2011 to 2012 Season Meetings of the Ashdon Gardening Club
The Gardening Club hosted a talk by Andrew Sankey "A brief History of an English Garden"
The meeting started at 7.45 p.m with Questions and Answers, and was followed by a talk by Andrew Sankey at 8.00 p.m.
Questions asked were:
Q: I had clematis climbing around the archway into my garden but the arch has collapsed. I want to save the clematis so should I cut it down and if so, should it be cut near the root or further up and when should I do this?
A: Since it is a late flowering clematis it should only be cut back to 18 inches and should be done in February.
Q: Should Hellibore leaves be cut yet.
A: Leaves should be cut on the 1st November for Christmas flowering Hellibores.
At the start of his talk Andrew Sankey explained that rather than a "brief" hostory, it was more of a gallop, and so it was. An even shorter resume of his talk follows.
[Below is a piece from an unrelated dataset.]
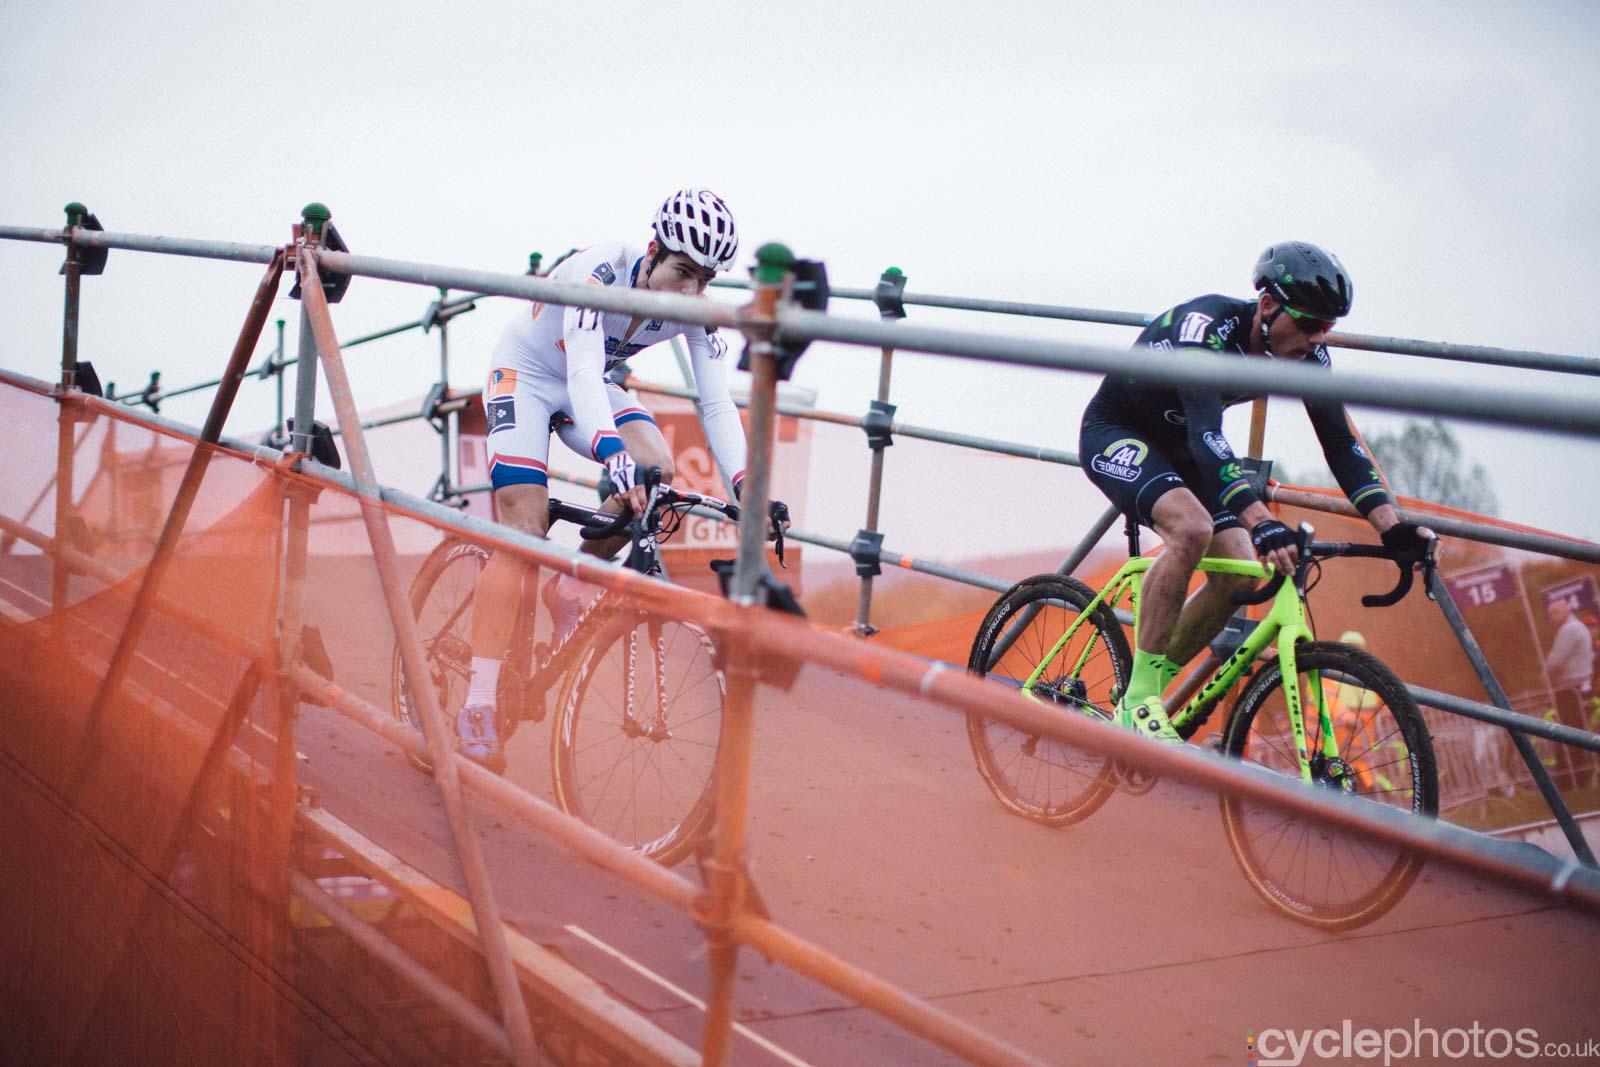 2015-cyclephotos-cyclocross-valkenburg-155725-sven-nys-wout-van-aert

The Celts tended to be farmers only so the first gardeners were the Romans. He used the archaelogical explorations at Fishburne Roman Palace in Sussex as the basis for his introduction to the Roman style of gardening based on the enclosed area as a planted meeting place. Lavender and box but not flowers would have been used there. Topiary was an important feature. Rose fields would have been seen outside villas.
Benedictine monks took this idea stage further in the 6th century and grew vegetables and herbs in raised beds within the cloistered walls. Orchards, vineyards and nutteries were planted outside.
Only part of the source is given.